A sickness which is, at heart, spiritual.

Now don’t hear me for a moment – not even a fraction of a moment – as going down a path that says, “we don’t need to worry about all this woke social justice stuff – we just need people to get saved and the rest will follow”. Because we know it doesn’t work like that. We’ve seen – perhaps most graphically in the rise of the religious right in the USA, but we’ve seen our share here too – that faith, even deeply and honestly held faith, does not inevitably lead to acts of justice. Not on a personal level, nor a social, systemic level.

Isaiah’s attacks, his cutting words, are for those with strongly held faith. Those who practice their religion.

In Isaiah 1, the people spoken against bring offerings. A multitude of sacrifices. Incense. Convocations. Solemn assemblies. Appointed festivals. Many prayers. They are deeply religious people. People of faith.

And nor is there the suggestion that this faith is not honestly, sincerely held. No suggestion that they are only pretending.

The message at the root of Isaiah’s cry is not “you need to believe in God”, but “you need to relearn what God is calling you to”.

And don’t we know, all too well, in our own day, how much of the most harmful, destructive speech and action comes from people who identify as followers of Jesus. I’m a straight, cis-gendered, man, so I haven’t been the target – the victim – of expressions of faith that would insist on subjugating women, forcing them to stay in abusive relationships. That would deny marriage, or even basic dignity, to same sex couples. That would push my transgender or non-binary siblings back into the straightjacket of simplistic understandings of gender.

I haven’t been the victim. But I’ve been a witness. And I hope, and ally, not a bystander.

Isaiah’s cry is not against religion, not against faith.

Over and over again Isaiah’s call is not away from faith, but back to it. The call is not to abandon belief in God, not to step away from religious practice, but to embrace it more truly.

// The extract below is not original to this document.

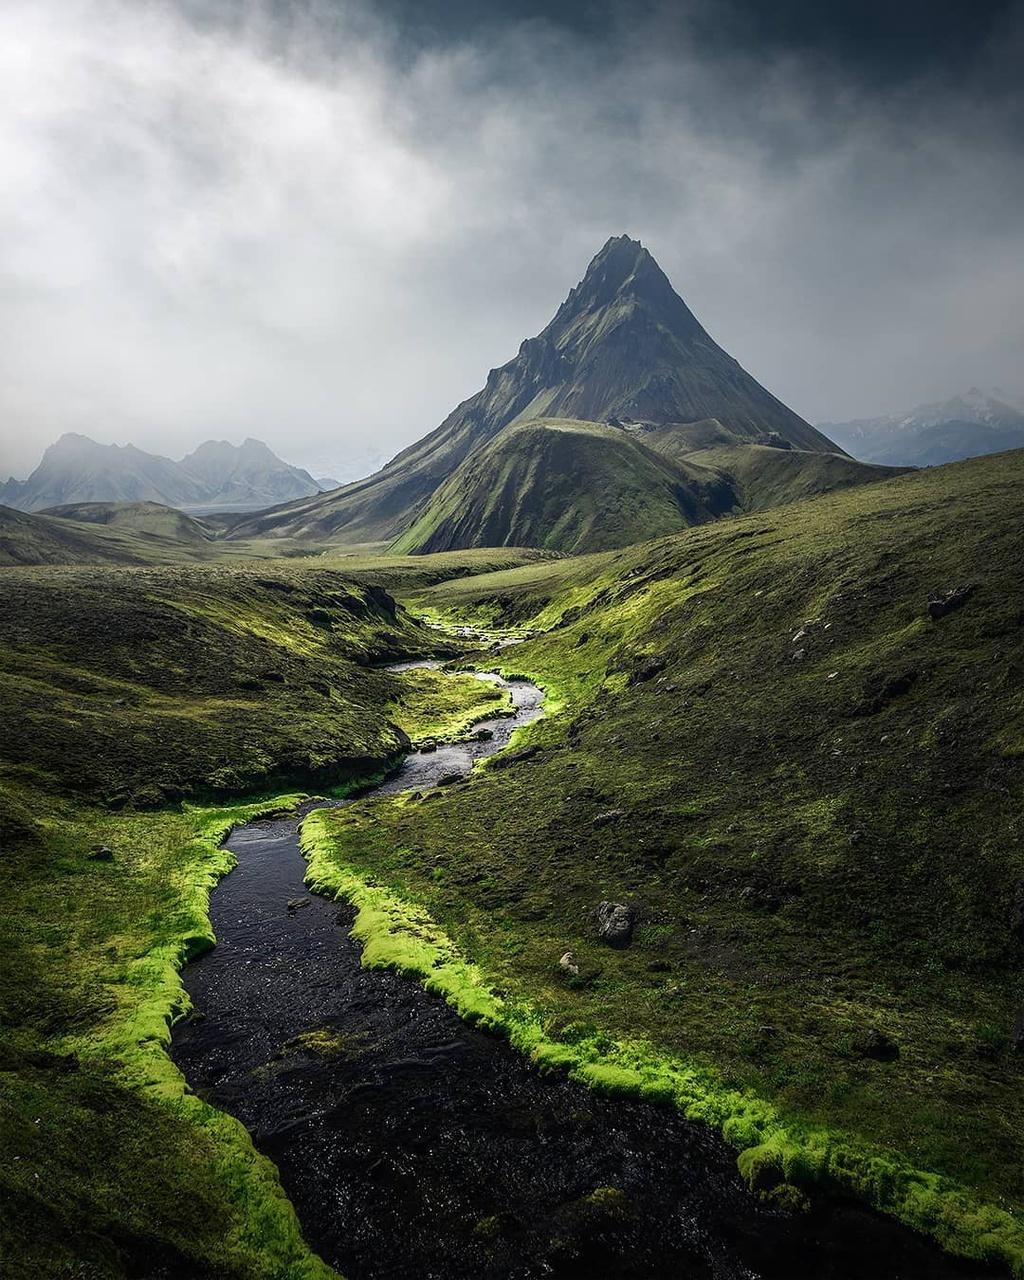 Nếu lái xe trên đường ở vùng nông thôn Iceland, du khách sẽ nhận thấy tấm thảm rêu trên những cánh đồng dung nham không bao giờ kết thúc. Màu xanh lá cây dường như lan rộng và phủ đến đường chân trời, tựa những đám mây xanh bất tận nằm trên mặt đất, liên tục thay đổi sắc độ. Xứ sở thần tiên phủ đầy rêu trông như bước ra từ một bộ phim khoa học viễn tưởng, khiến du khách không khỏi ngỡ ngàng khi chiêm ngưỡng.

Many voices today would assert that belief in God is the root cause of the unjust, discriminatory practices that we all too often see as the public face of the Church. And who can blame them? Somehow we’ve allowed the Christian faith to be defined in the public eye not by our opposition to corporate greed, or to the gambling industry, or to the normalisation of sexual harassment and abuse, or to our treatment of refugees, or to the destruction of the environment, or the marginalisation of first peoples – not to any of the deep injustices in our society (even though many, many Christians care passionately about these things, and work with followers of other faiths and none to right these wrongs) – but by a small set of matters of “personal morality”.

So it’s easy to understand how people can see faith in God as the problem. But that’s not how Isaiah saw it. Faith to him was not the problem. Indeed, in faith lay the solution.

Wash yourselves; make yourselves clean;

   remove the evil of your doings

   from before my eyes;

cease to do evil, learn to do good;

seek justice, rescue the oppressed,

defend the orphan, plead for the widow.

The cry “seek justice” resonates through the book of Isaiah. In fact, it resonates through the whole of the scriptures. Yes, there is stuff on personal morality there, but there’s a lot more on justice. And even much of the ‘personal morality’ stuff comes with a justice edge – my favourite example of this is the law of the Sabbath, the fourth commandment:

Remember the sabbath day, and keep it holy. For six days you shall labour and do all your work. But the seventh day is a sabbath to the Lord your God; you shall not do any work — you, your son or your daughter, your male or female slave, your livestock, or the alien resident in your towns.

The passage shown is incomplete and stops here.